The part you specifically wish to hide actually triggers in the client browser, a mailto link is a link telling the computer to open a mail client and pre fill in the form. So even if you did do what Samy does, clicking the link will simply open in the mail client and show the end user the email address.

If you wish to keep it secret, email must be sent server side

As others have said, you can't hide HTML. However it sounds like you don't particularly want to hide HTML, you just want the recipient of the form to not be visible in your code which is simple enough depending on your framework.

For example, if you're using PHP, PHP Mailer is a pretty simple way to send an email, and since PHP is handled server side, when your form submits the user won't ever see your email address if you don't want them too.

If you're using ASP.NET or whatever else, simply typing the name of your environment and email into your favorite search engine will likely give you plenty of options on how to send an email and you can combine that with your form to do it server side.

TL;DR: No, you can't hide the HTML source code. You can only obfuscate the email address to defer spammers as long as you don't use server side code.

Besides using HTML entities (m) or Javascript, you can also use XSLT for obfuscation, if you use XHTML instead of HTML.

XSLT is a XML-based programming language supported by all major browsers that can transform any XML into another form (XML, HTML, Plaintext, etc.). One application would be to pass through most of the document except for action attributes that contain a magic part, e.g. +rot13.

One advantage is that this also works in browsers where Javascript is disabled. One caveat is that you need to write XHTML, so instead of the lenient HTML parser browsers use the strict XML parser, which causes error messages on every syntax error.

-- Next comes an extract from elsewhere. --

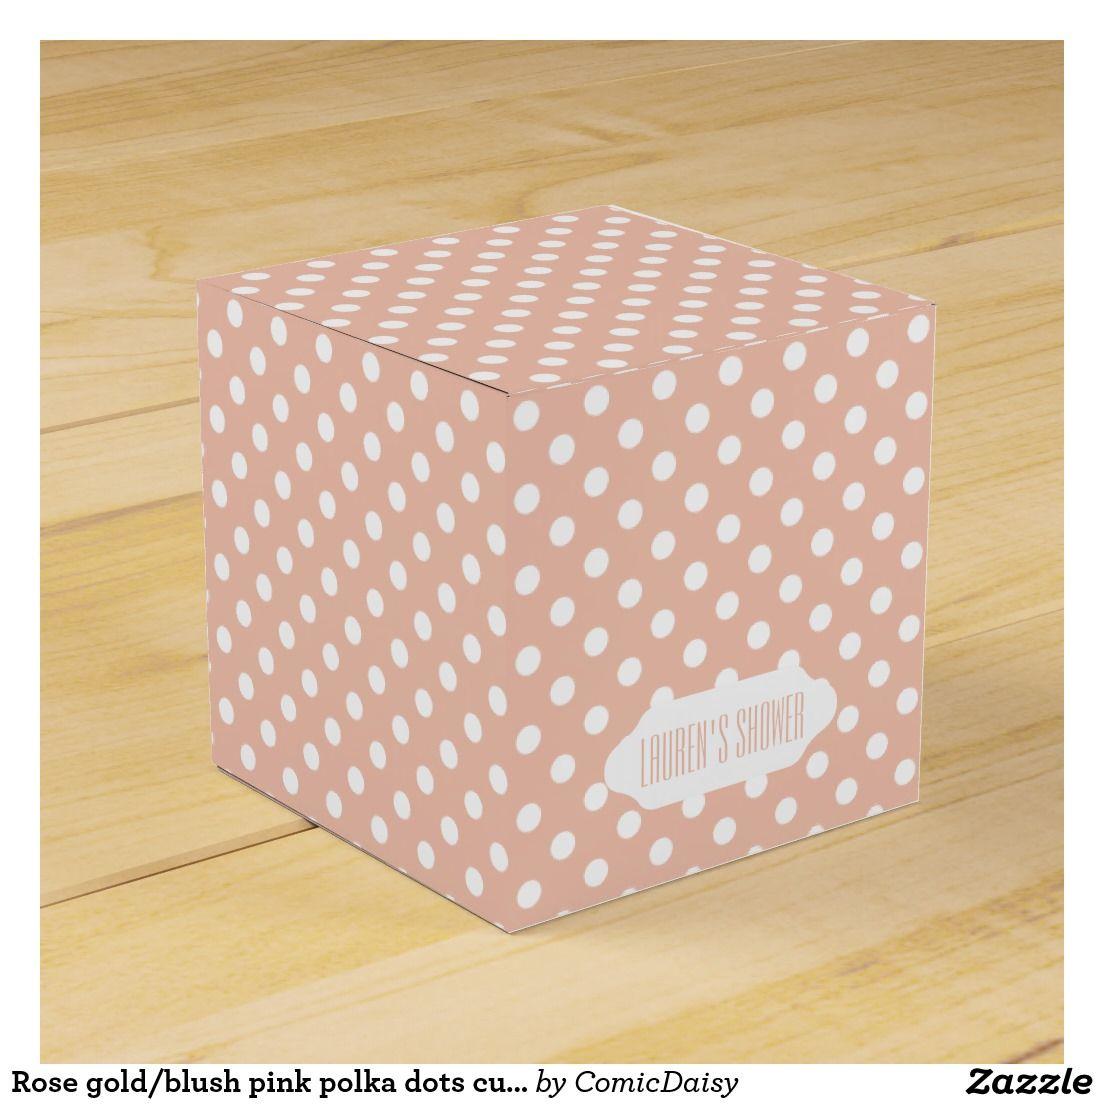 Rose gold/blush pink polka dots custom favor box | Pinterest | Blush ...
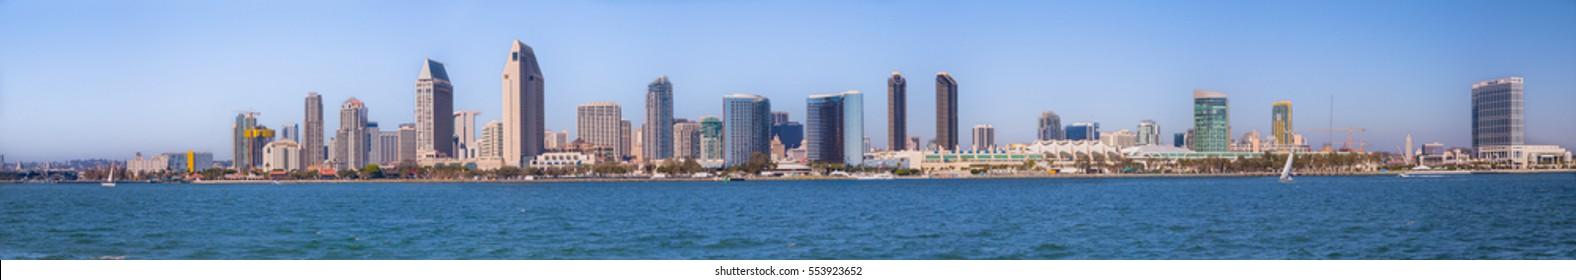 Downtown San Diego Skyline In Day Time

Please also keep in mind that every HTML obfuscation technique can only defer spammers. The browser needs the correct mailto link to do the right thing when submitting the form, so eventually the user will see the unobfuscated address.

index.xhtml

<?xml-stylesheet type="text/xsl" href="obfuscation.xsl" ?>
…
<form action="mailto+rot13:fbzrbar$rknzcyr.pbz">
 Email Adress:<br/>
 <input type="email" name="email_address" value="" maxlength="100" />
 <br/>
 <input type="submit" value="Submit" />
</form>

obfuscation.xsl

<xsl:stylesheet
 version="1.0"
 xmlns:xsl="http://www.w3.org/1999/XSL/Transform"
 xmlns="http://www.w3.org/1999/xhtml"
 xmlns:html="http://www.w3.org/1999/xhtml">
<xsl:output method="xml" encoding="UTF-8"/>

<!-- Identity Transformation for HTML nodes -->
<xsl:template match="@*|html:*">
 <xsl:copy>
 <xsl:apply-templates select="@*|node()" />
 </xsl:copy>
</xsl:template>

<!-- decode form actions with a ROT-13 variant -->
<xsl:template match="@action[contains(substring(., 0, 16), '+rot13:')]">
 <xsl:attribute name="action"><xsl:value-of select="substring-before(., '+')"/>:<xsl:value-of select="translate(substring-after(., ':'),'ABCDEFGHIJKLMNOPQRSTUVWXYZabcdefghijklmnopqrstuvwxyz@$6789012345', 'NOPQRSTUVWXYZABCDEFGHIJKLMnopqrstuvwxyzabcdefghijklm$@1234567890')" /></xsl:attribute>
</xsl:template>

</xsl:stylesheet>

This cannot be done for a mailto link, however there are services like MailThis, Formspree, that allows you to build a form that posts to their server, and they'll convert that to send an email. MailThis also allows you to create an alias name so that you don't expose your real email address on the HTML page itself.